The government will undertake a “fundamental reassessment” of the private finance initiative (PFI) to create an improved delivery model, chancellor George Osborne announced today.
The Treasury will lead the review that aims to create a new model that takes advantage of private sector expertise, but at a lower cost to the taxpayer.
The government is said to expect that the new model will be cheaper, will access a wider range of private sector financing sources and will strike a better balance of risk between the private and the public sectors.
The Treasury will also be looking to retain the benefits of PFI, including getting projects delivered to time and to budget, and giving the private sector “the right incentives to effectively manage risk”.

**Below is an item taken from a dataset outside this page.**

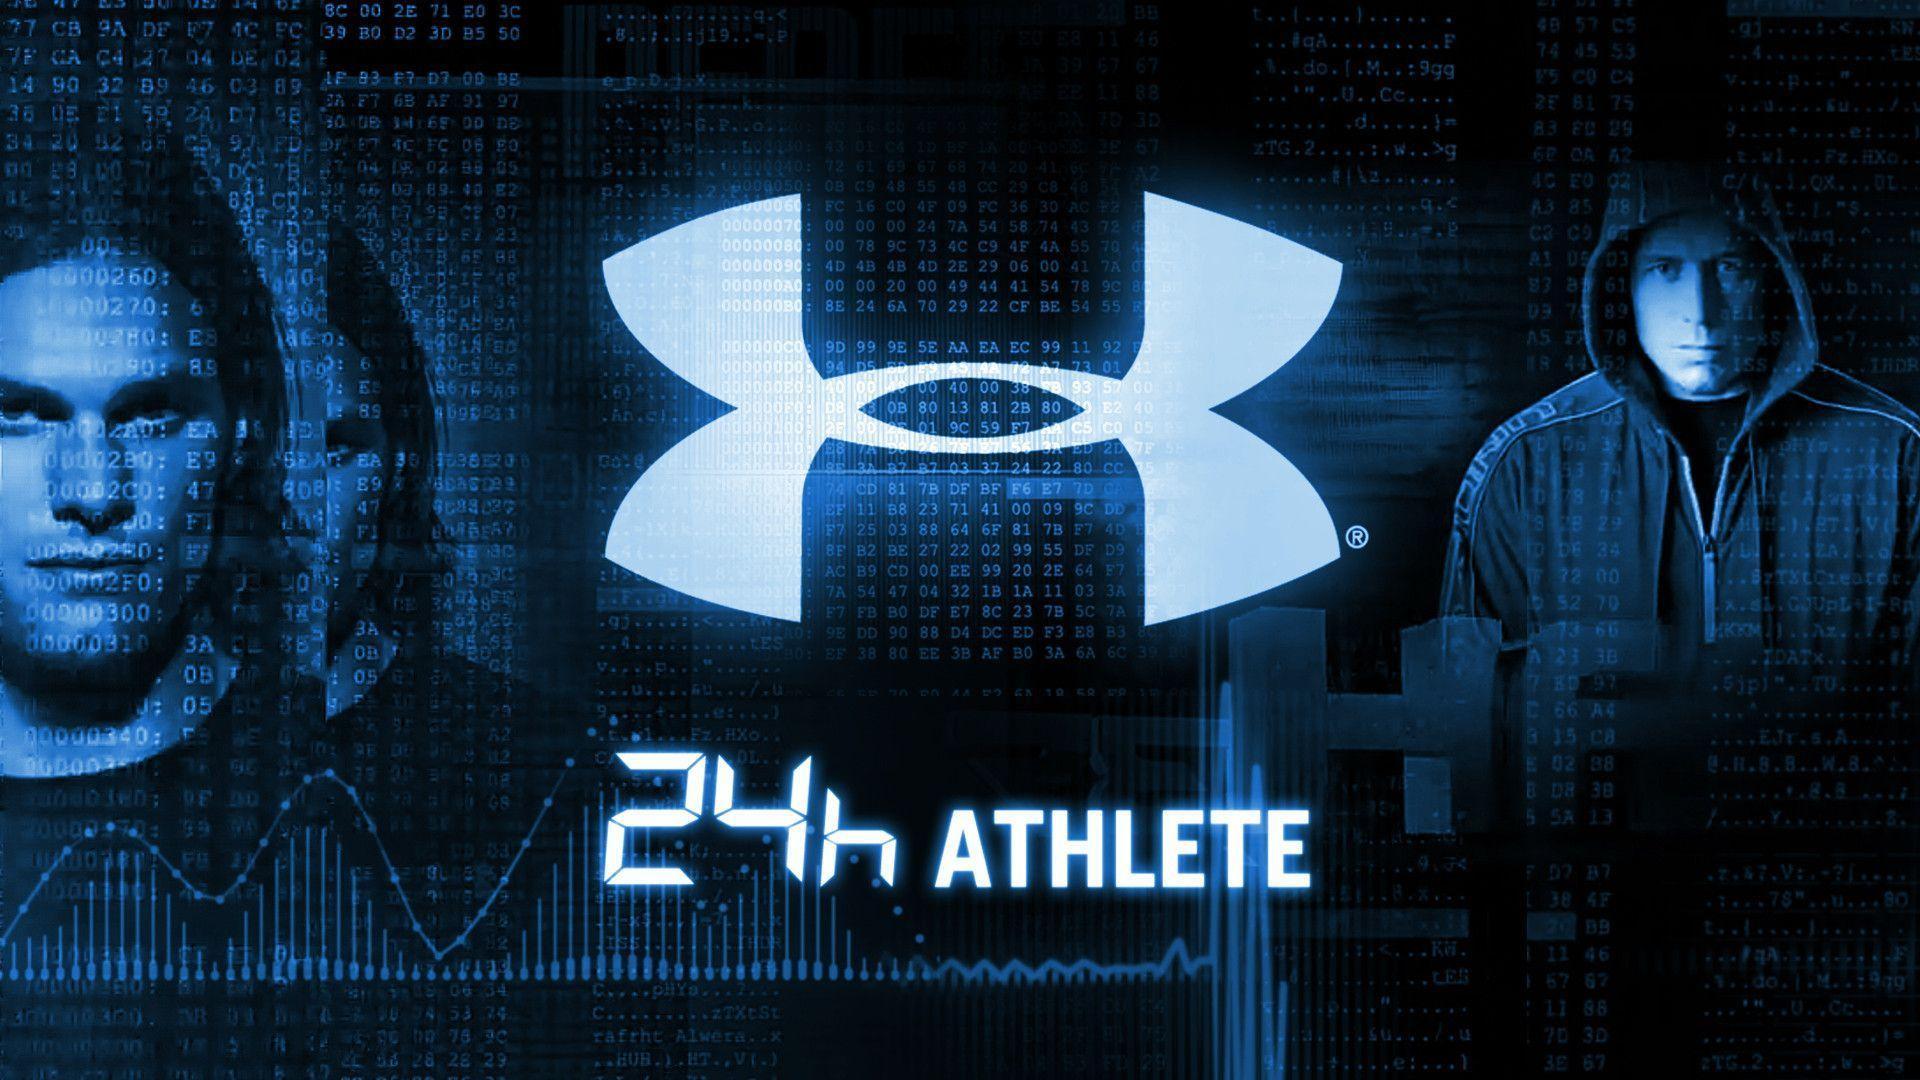 Cool Under Armour Wallpapers

The review will create a model which:
- Is less expensive and uses private sector innovation to deliver services more cost effectively;
- Can access a wider range of financing sources, including encouraging a stronger role to be played by pension fund investment;
- Strikes a better balance between risk and reward to the private sector;
- Has greater flexibility to accommodate changing public service needs over time;
- Maintains the incentive on the private sector to deliver capital projects to time and to budget, and to take performance risk on the delivery of services;
- Delivers an accelerated and cheaper procurement process;
- Gives greater financial transparency at all levels of the project, so that the public sector is confident that it is getting what it paid for, and that the taxpayer is sure it is getting a fair deal now and over the longer term.